VictoriaTraces Jaeger API Bug: Incomplete Traces

by Admin 49 views
VictoriaTraces Jaeger API Bug: Incomplete Traces

Hey everyone! Today, we're diving deep into a tricky bug we encountered with the VictoriaTraces Jaeger API. This issue caused incomplete traces to be returned, which can be a real headache when trying to monitor and debug applications. Let's break down what happened, how we reproduced it, and what the impact is.

The Problem: Incomplete Traces

So, what's the deal? We discovered that the Jaeger API /select/jaeger/api/traces/{traceID} in VictoriaTraces was returning incomplete traces. Specifically, it seemed like only spans that ended within approximately 30 to 60 seconds of the trace's start time were being included in the results. Anything beyond that timeframe was MIA. This is a critical issue because it means we're not getting the full picture of what's happening in our applications, especially for long-running operations.

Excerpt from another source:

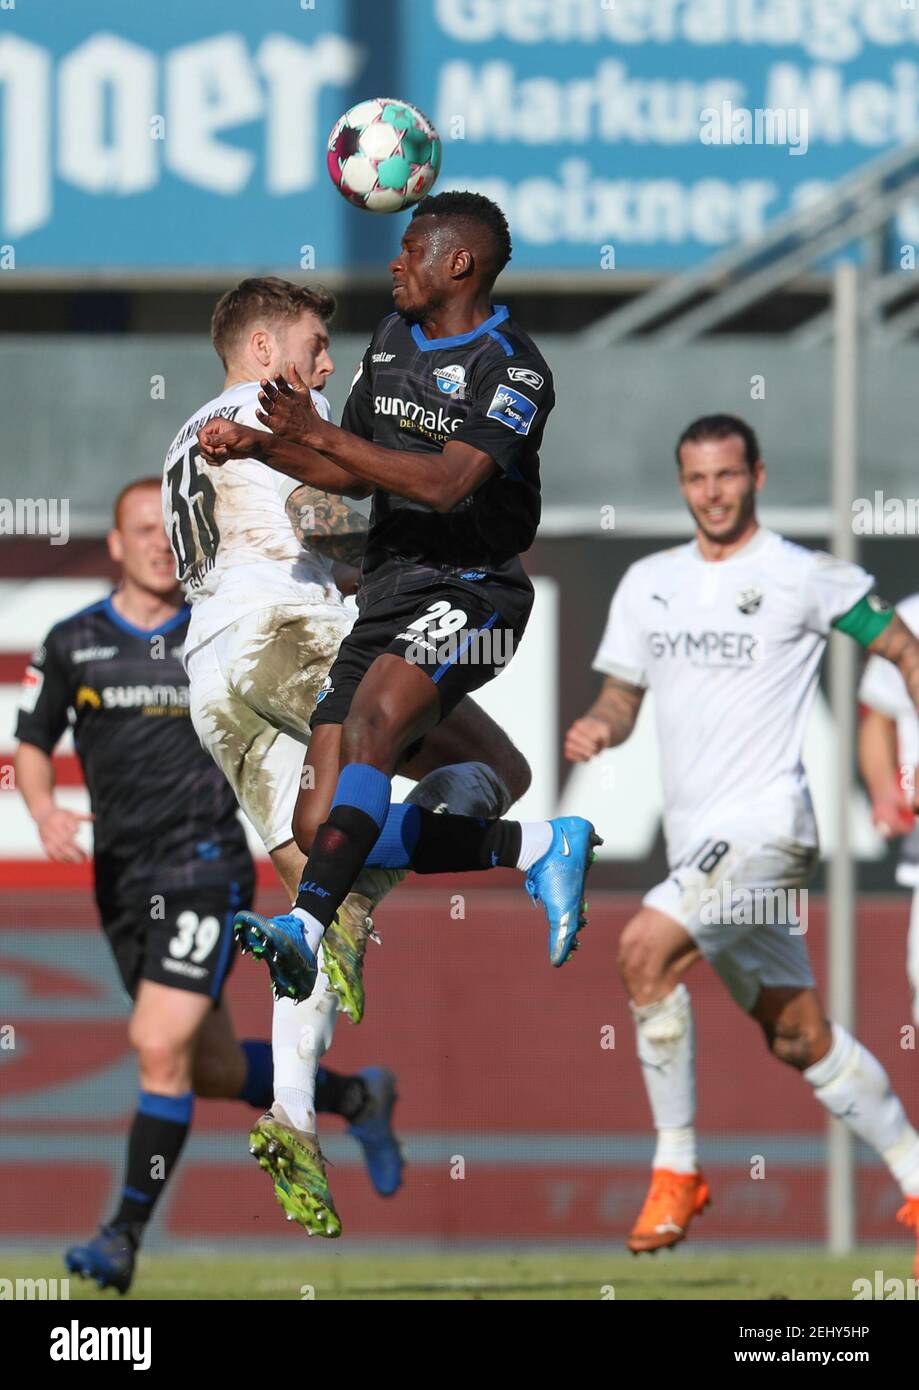 20 February 2021, North Rhine-Westphalia, Paderborn: Football: 2. Bundesliga, SC Paderborn 07 - SV Sandhausen, Matchday 22 at Benteler-Arena. Paderborn's Jamilu Collins (r) battles for the ball with Sandhausen's Alexander Esswein (l). Photo: Friso Gentsch/dpa - IMPORTANT NOTE: In accordance with the regulations of the DFL Deutsche Fußball Liga and/or the DFB Deutscher Fußball-Bund, it is prohibited to use or have used photographs taken in the stadium and/or of the match in the form of sequence pictures and/or video-like photo series. Stock Photo

To put it simply, imagine you're trying to watch a movie, but you only get to see the first 30 minutes. You'd miss the climax, the resolution, and all the good stuff in between! Similarly, with incomplete traces, we're missing crucial parts of the application's execution, making it difficult to pinpoint bottlenecks or errors. This makes understanding the entire flow of requests and operations a significant challenge.

The inconsistency between what we expected and what we received was quite alarming. We knew something was amiss when we saw discrepancies in the number of spans returned by different queries. This led us to investigate further and eventually uncover the time-window limitation within the Jaeger API. We need complete traces to effectively monitor and troubleshoot our systems, and this bug was preventing us from doing so.

Evidence: Seeing is Believing

We gathered some solid evidence to back up our claim. Take a look at these examples:

  • Production Trace 4e4a1b65edb8143ce2fa90ee1df9601b:
    • LogsQL (VictoriaMetrics' query language) showed 10 spans.
    • The Jaeger API, however, only returned 3 spans.
  • Test Trace (using the attached script):
    • LogsQL: 5 spans
    • Jaeger API: 3 spans

These discrepancies clearly indicated that something was wrong. The Jaeger API was consistently missing spans, especially those occurring later in the trace. This was a major red flag, prompting us to dig deeper and create a reproducible test case.

The fact that the LogsQL query returned the correct number of spans while the Jaeger API did not, highlighted a clear issue within the Jaeger API's handling of trace data. This discrepancy was not just a minor inconvenience; it represented a significant gap in our ability to observe and understand the behavior of our applications. It was essential to reproduce this issue reliably to ensure a proper fix could be implemented.

Reproducing the Bug: Let's Get Our Hands Dirty

To make sure we could consistently reproduce the issue, we created a Python script (reproduce_victoria_traces_bug.py). This script simulates a trace with five spans, spanning over 90 seconds. Here's how you can run it:

pip install requests
python3 reproduce_victoria_traces_bug.py

This script does the following:

  1. Generates a trace with a parent span lasting 90 seconds and four child spans at 20-second intervals.
  2. Sends these spans to VictoriaTraces using the OpenTelemetry (OTLP) protocol.
  3. Queries VictoriaTraces using both LogsQL and the Jaeger API.
  4. Compares the results.

The expected outcome is that both LogsQL and the Jaeger API should return all five spans. However, the actual result showed that LogsQL returned all five spans, while the Jaeger API only returned three. This perfectly demonstrates the bug: the Jaeger API is missing spans from longer traces.

Creating a reproducible test case like this is crucial for bug reporting. It allows developers to quickly understand the issue, replicate it in their environment, and verify that their fix is effective. Without a solid way to reproduce the bug, it can be challenging to diagnose and resolve the root cause.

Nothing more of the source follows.